As usual, time will tell whom He was changing and where the change was going. And those that changed will vaguely remember those that refused and wonder:

"What WERE they thinking?"

Tom

Viola Larson said...

Tom you need to leave your full name, city and address. And that is my fault that you didn't know that--the conversation has been so light that we haven't been doing it. But it is on the side on my blog. Also please be careful about name calling

Viola Larson
Sacramento, Ca

Andrea said...

Thanks for the definition. I thought you were trying to be funny (poetic) by eluding to rampant wildflowers as 'raping' the side of the highway.

Andrea
Sacto, CA

Debbie said...

Viola, that was beautiful! Poetry!

I've only read War in Heaven by Charles Williams, and now I know I need to read The Place of the Lion.

Tom, I'm at a loss as to where you saw that anyone was frightened. Mostly when people call orthdox/evangelical believers frightened, it's a kneejerk, unthinking response and a way of dismissing their claims without considering them thoughfully. I hope that wasn't true for you. Can you point out what in this post made you say "frightened"?

Debbie Berkley
Bellevue, WA

Viola Larson said...

Thank you Debbie,

The Place of the Lion was C.S. Lewis’ favorite book.

I agree about the frightened part it simply ends any kind of discussion about the issue and instead focuses on the person. And because one is frightened or not frightened does not change the rightness or wrongness of something.

Viola Larson said...

Tom,
I also had another thought on this. Yes Jesus is changing people, he always has. But it is always according to who he is in Scripture--in fact it is always according to Scripture because that is God's word and Jesus is God so it is all his word. And I believe I quote some very pertinent Scripture in what I wrote:

“’Have you not read that he who created them from the beginning made them male and female, and said, ‘For this reason a man shall leave his father and mother and be joined to his wife, and the two shall be one’? (Matthew 19:4-5)

Viola Larson
Sacramento, Ca

robert austell said...

Viola,

I'd like to suggest an even more direct clarification to what Tom then you wrote.
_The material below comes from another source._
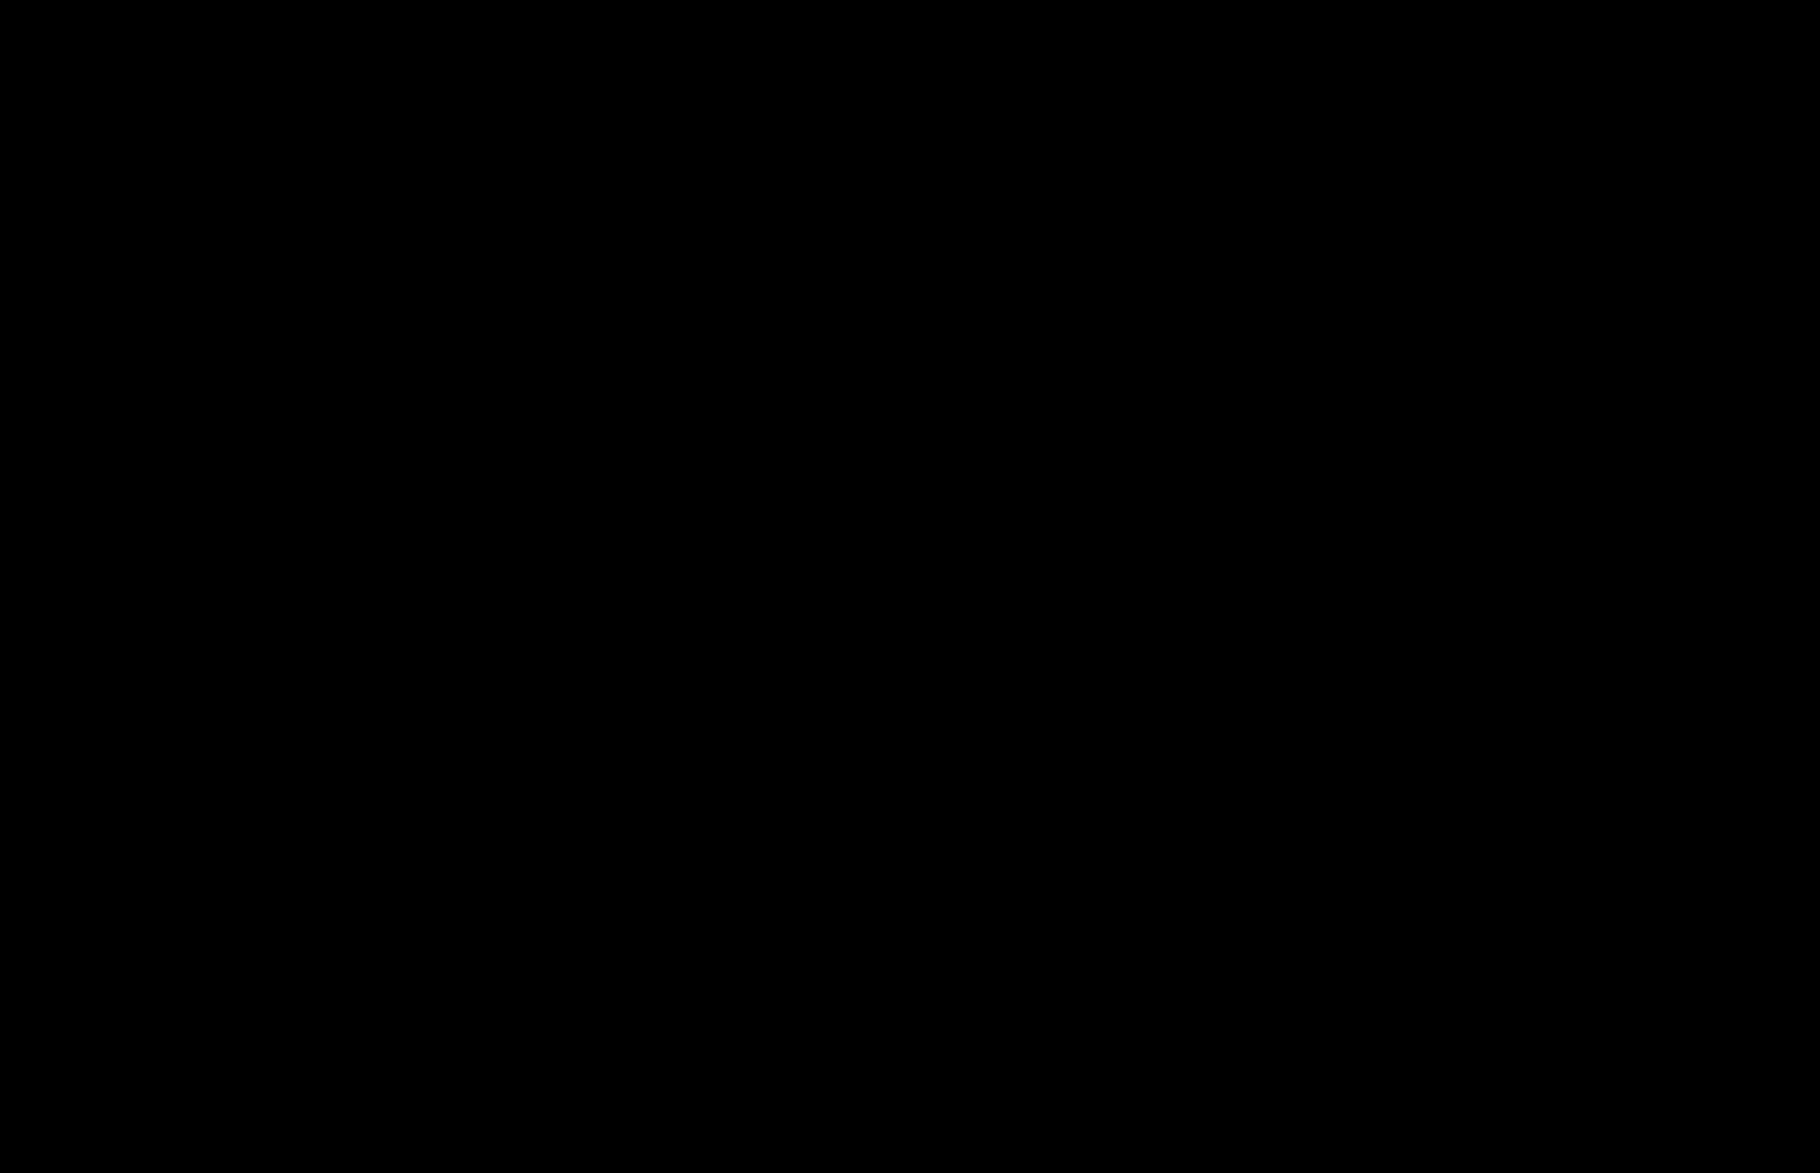 Das Runenalphabet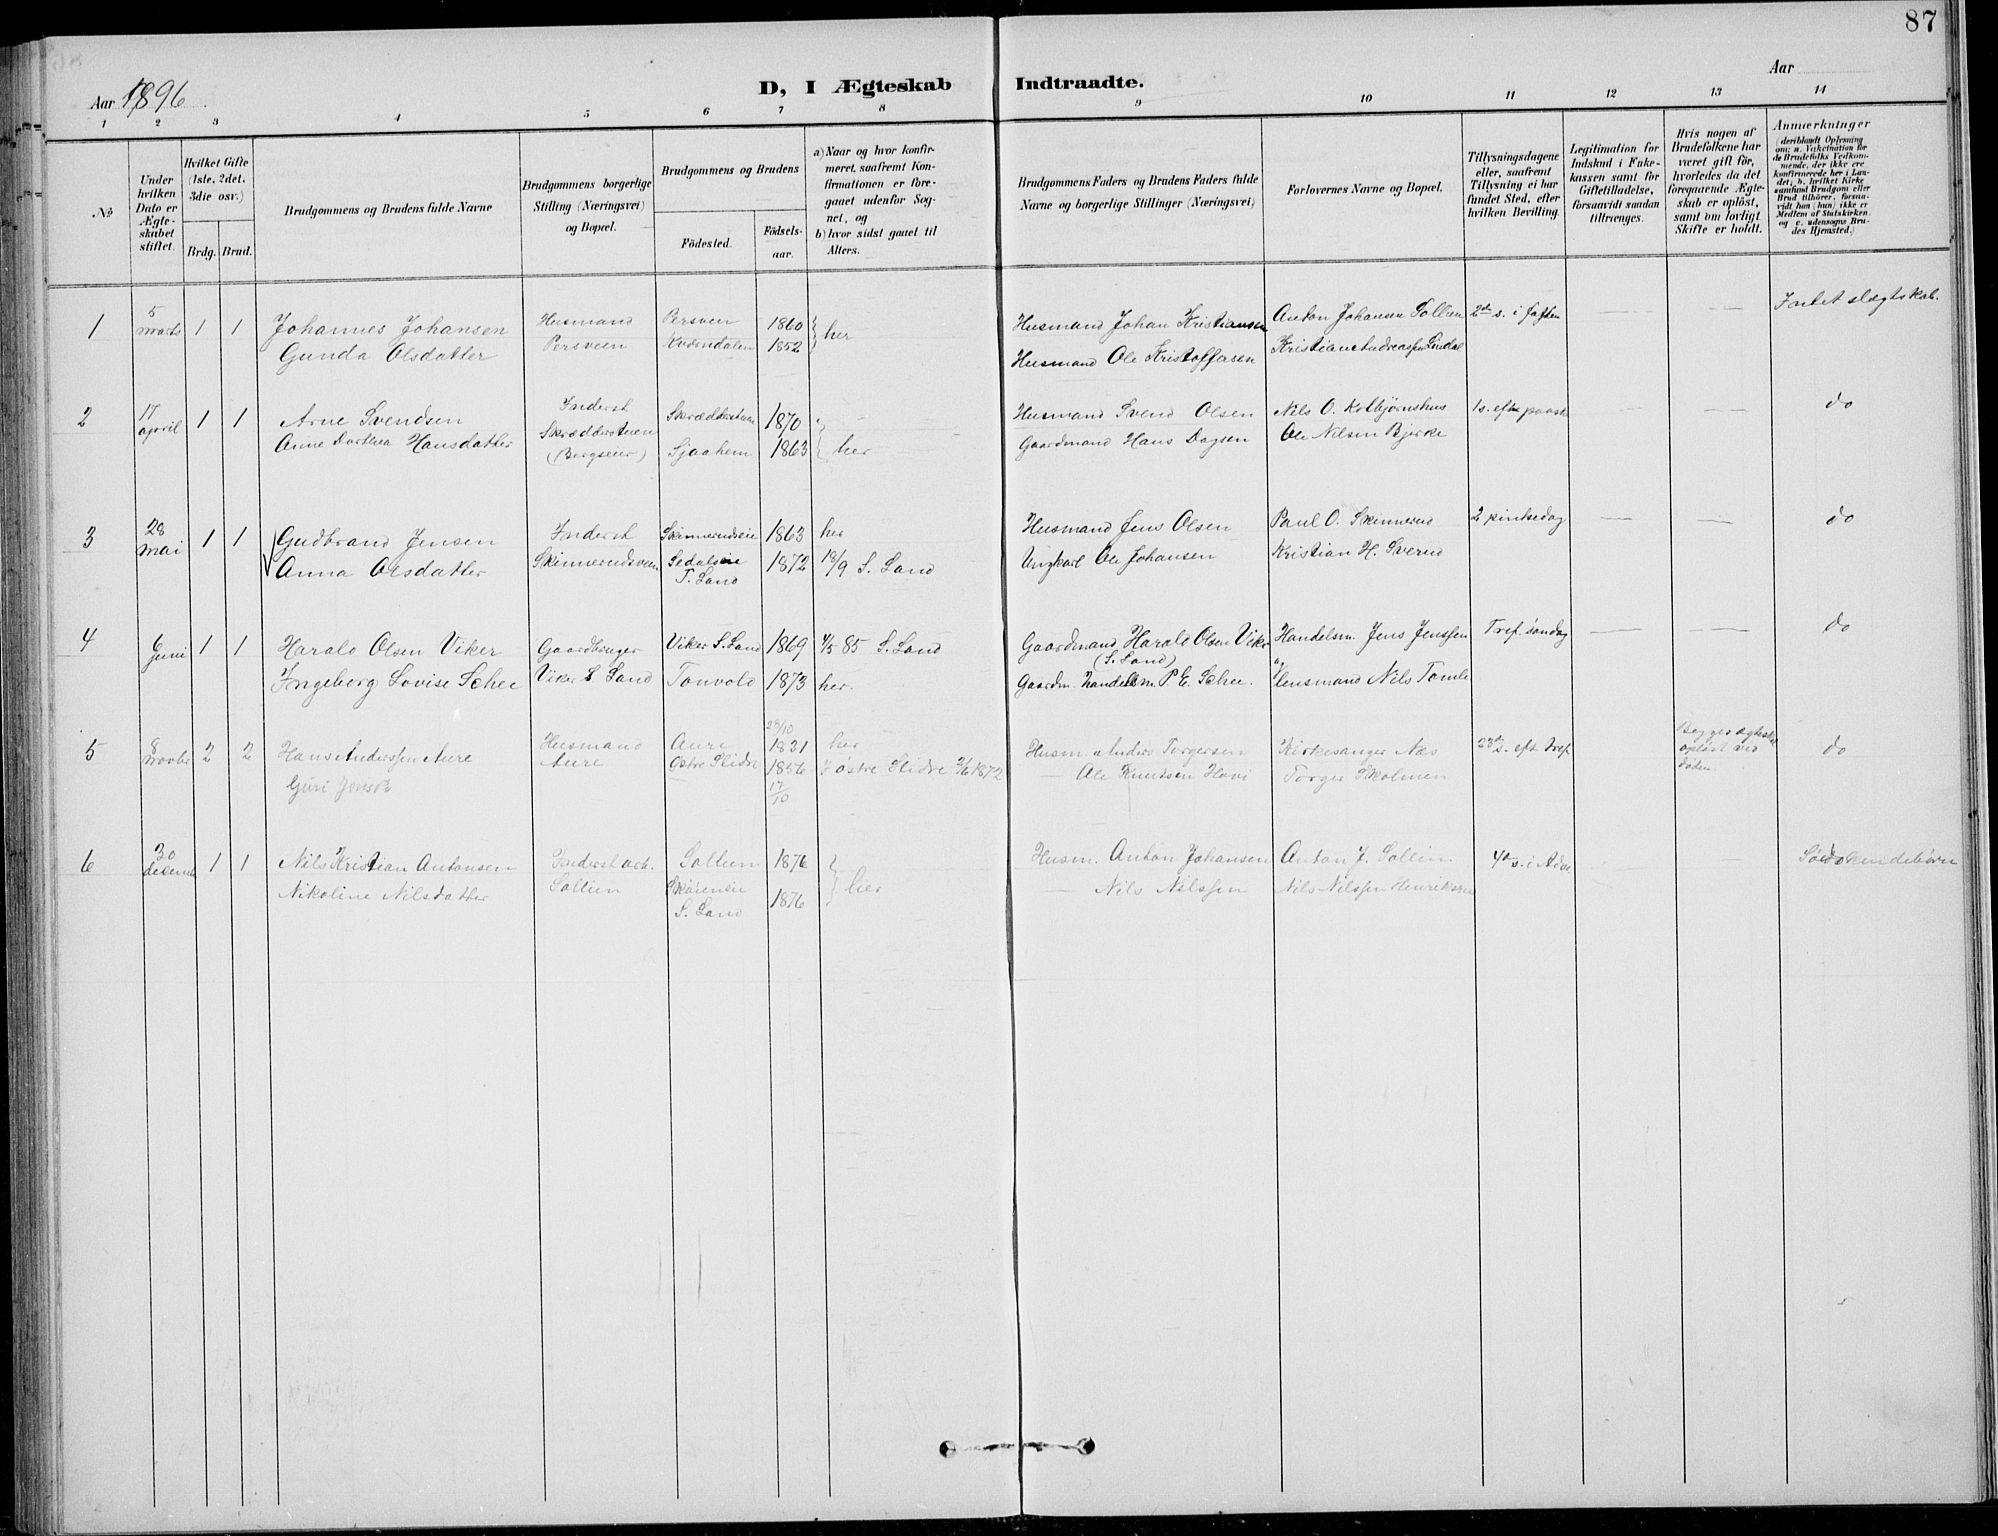 SAH, Nordre Land prestekontor, Klokkerbok nr. 14, 1891-1907, s. 87

There is such a thing as homophobia, and it is in keeping with the Gospel that Jesus can and would heal a frightened homophobe from unjust fear or hate. And truthfully, the culture and the church do contain people who fear and/or hate homosexual people. I want to be the first to call the Church away from any legitimate expressions of hate or fear of people. Those expressions are easily identified: physical violence, mocking, jokes, etc... Christians (and anyone) engaged in those behaviors need to get the log out and clean up their act.

YET, it is unfair and untrue to say that Christians who read scripture and believe that homosexual sexual intimacy is not God's express intent or desire for human relationship are acting out of fear and/or hate. God's Word of truth about human sexual relationships is not hate language however much it might fly in the face of culture or personal behavior (across the full spectrum of human behavior). God's Word IS truth in love, and it points us consistently to freedom through Christ and reveals Christ to us.

Robert Austell
Charlotte, NC

Viola Larson said...

Robert,
Thanks for the clarification and you are certainly right.

Kattie W. Coon said...

Wow!

Tom's "frightened homophobe" comment certainly developed a lot of traction. I hope y'all will go back and read his comment again. He accused no group in particular of being anything in particular. It was Debbie who seems to have flown off the handle and made the association with "orthodox/evangelical believers".

Is there something inherently incorrect in saying “He could change a frightened homophobe as well”?

I wonder does Debbie equate orthodox believers with evangelical believers.

Kattie
Huntsville, Al

Viola Larson said...

Kattie,
while you are right Tom did not actually say "I equate Evangelicals and the orthodox with a frightened homophobe.” Still, he was writing about Jesus changing peoples minds and quoting what I said about Jesus changing the behavior of practicing homosexuals so it did seem that that was what he was suggesting. Of course he will have to answer that question himself.

Evangelicals are generally orthodox. orthodox meaning the acceptance of the essential tenets of the faith, that is, that which has been held for the whole history of the Church, including the Trinity, the deity of Jesus Christ, his atoning death on the cross and bodily resurrection, as well as the authority of Scripture. Evangelicals emphasis the sharing of their faith with those who do not know Jesus Christ.

Viola Larson
Sacramento, Ca

Anonymous said...

So many responses!

I must have hit a nerve or something...

In order then:

Viola,

Name is Tom Evans. City is Kansas, for now.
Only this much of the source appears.